GOAL OF THE EXERCISE
Look through the listing below for the line with "ほんのマリン評価するR2 自然派基礎化粧品 クリーミーフォーム 120g" and the line with "testi, colorato, Lunar, Stripes, fiori, amore". Copy both, along with every line between them, exactly and with no pictures.

EXTRACTED MATERIAL
· · · · ·
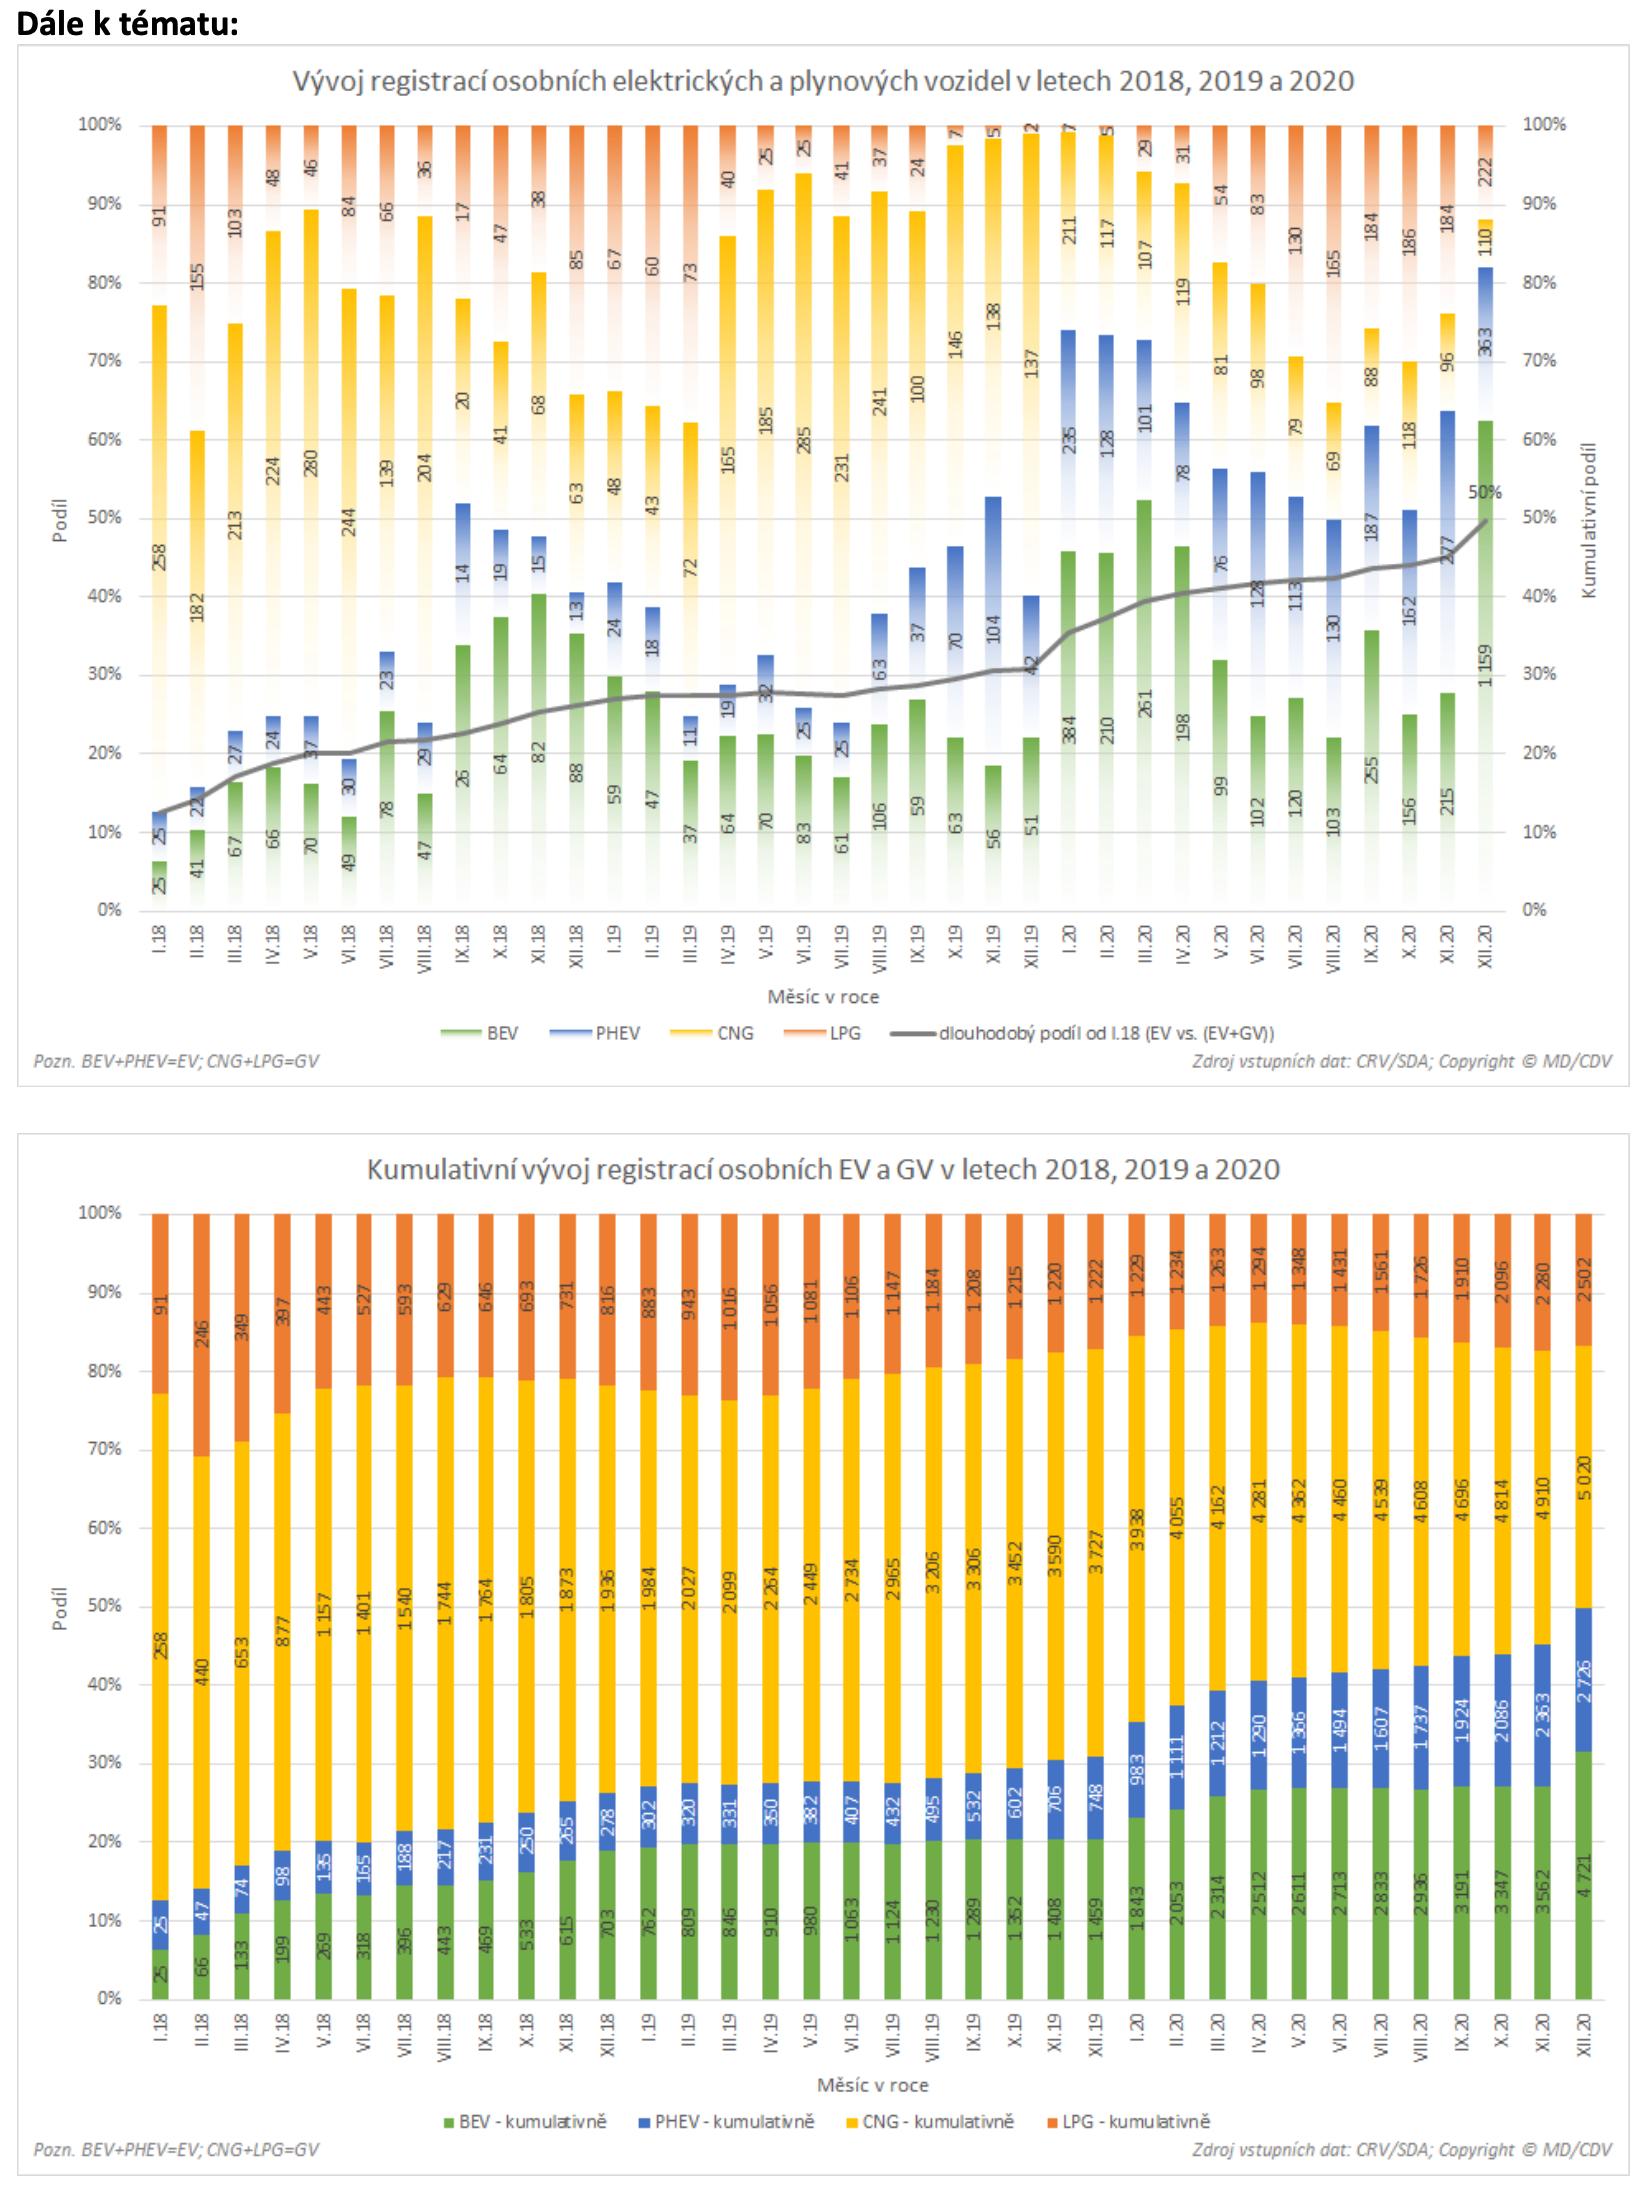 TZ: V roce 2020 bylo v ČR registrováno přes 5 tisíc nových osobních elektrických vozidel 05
· · · · ·
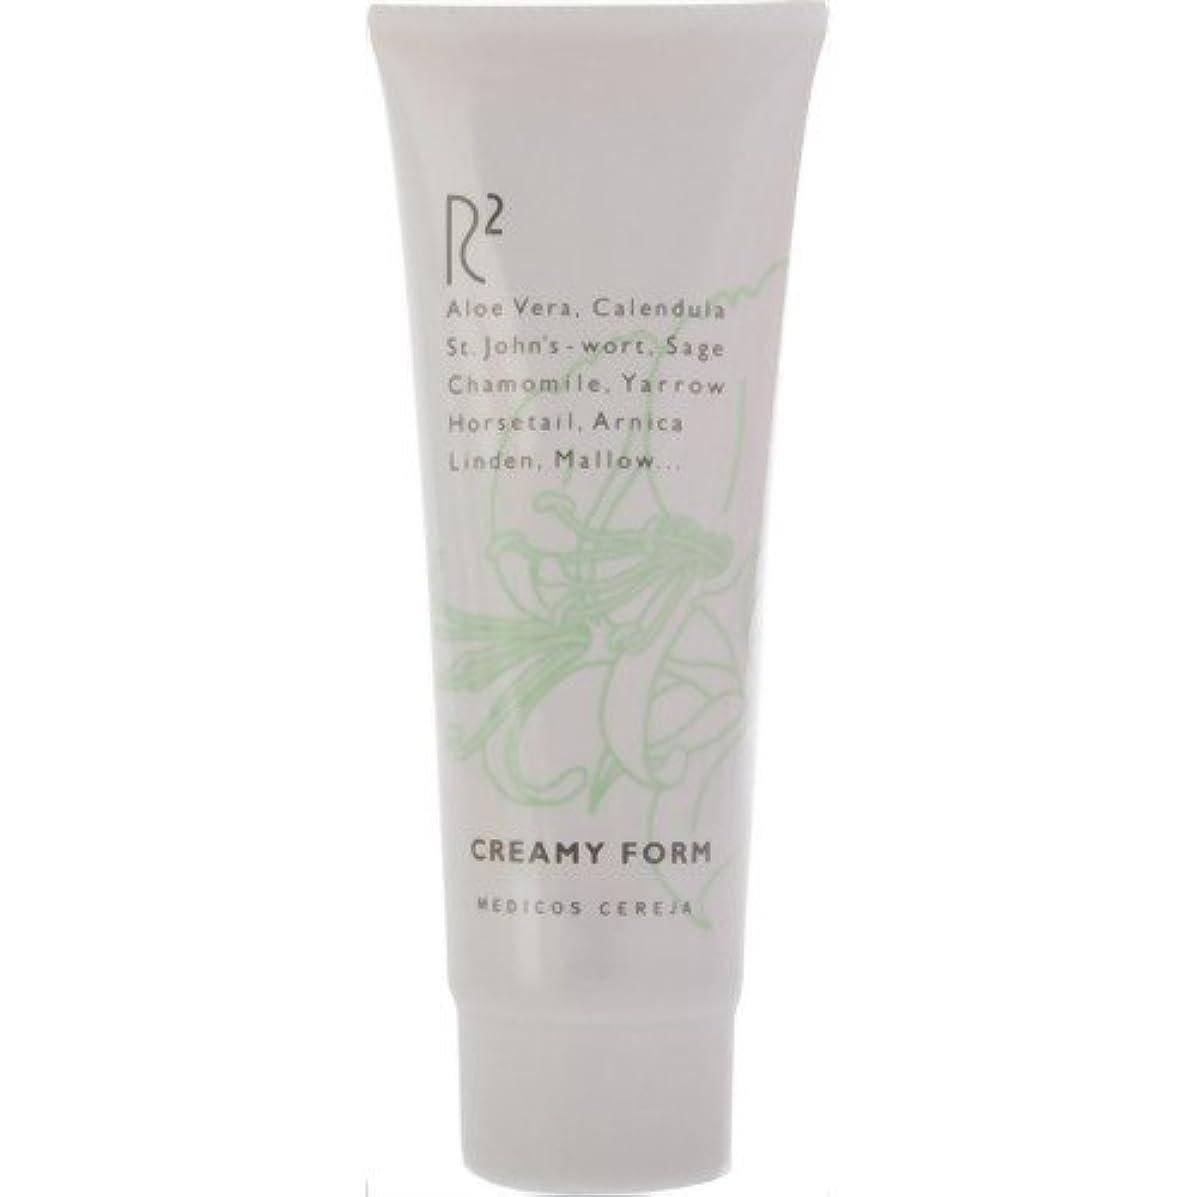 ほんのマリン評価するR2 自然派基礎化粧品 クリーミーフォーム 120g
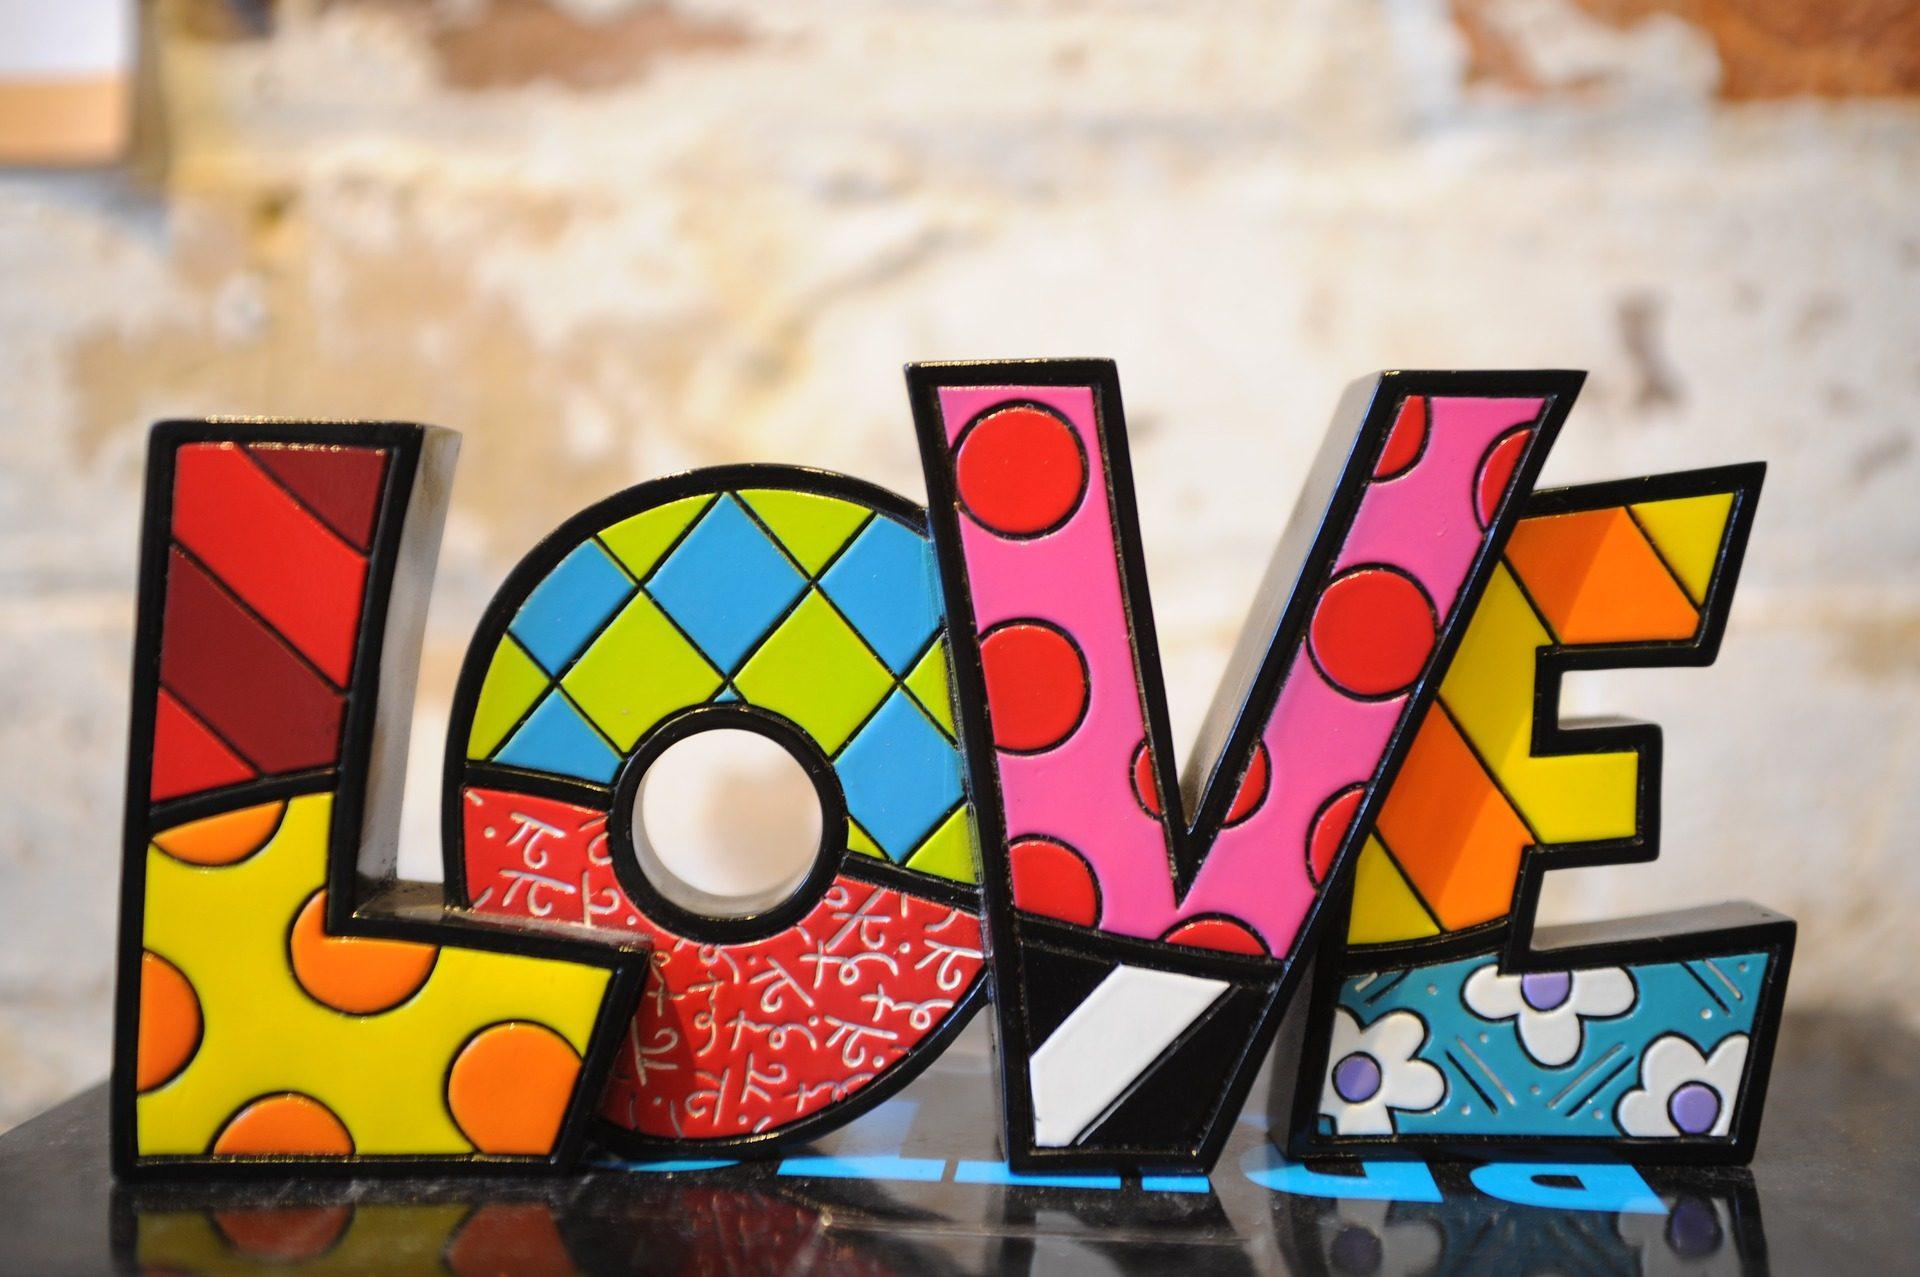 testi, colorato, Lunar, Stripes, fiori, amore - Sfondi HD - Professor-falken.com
· · · · ·
TASK OUTPUT
 ほんのマリン評価するR2 自然派基礎化粧品 クリーミーフォーム 120g
 testi, colorato, Lunar, Stripes, fiori, amore - Sfondi HD - Professor-falken.com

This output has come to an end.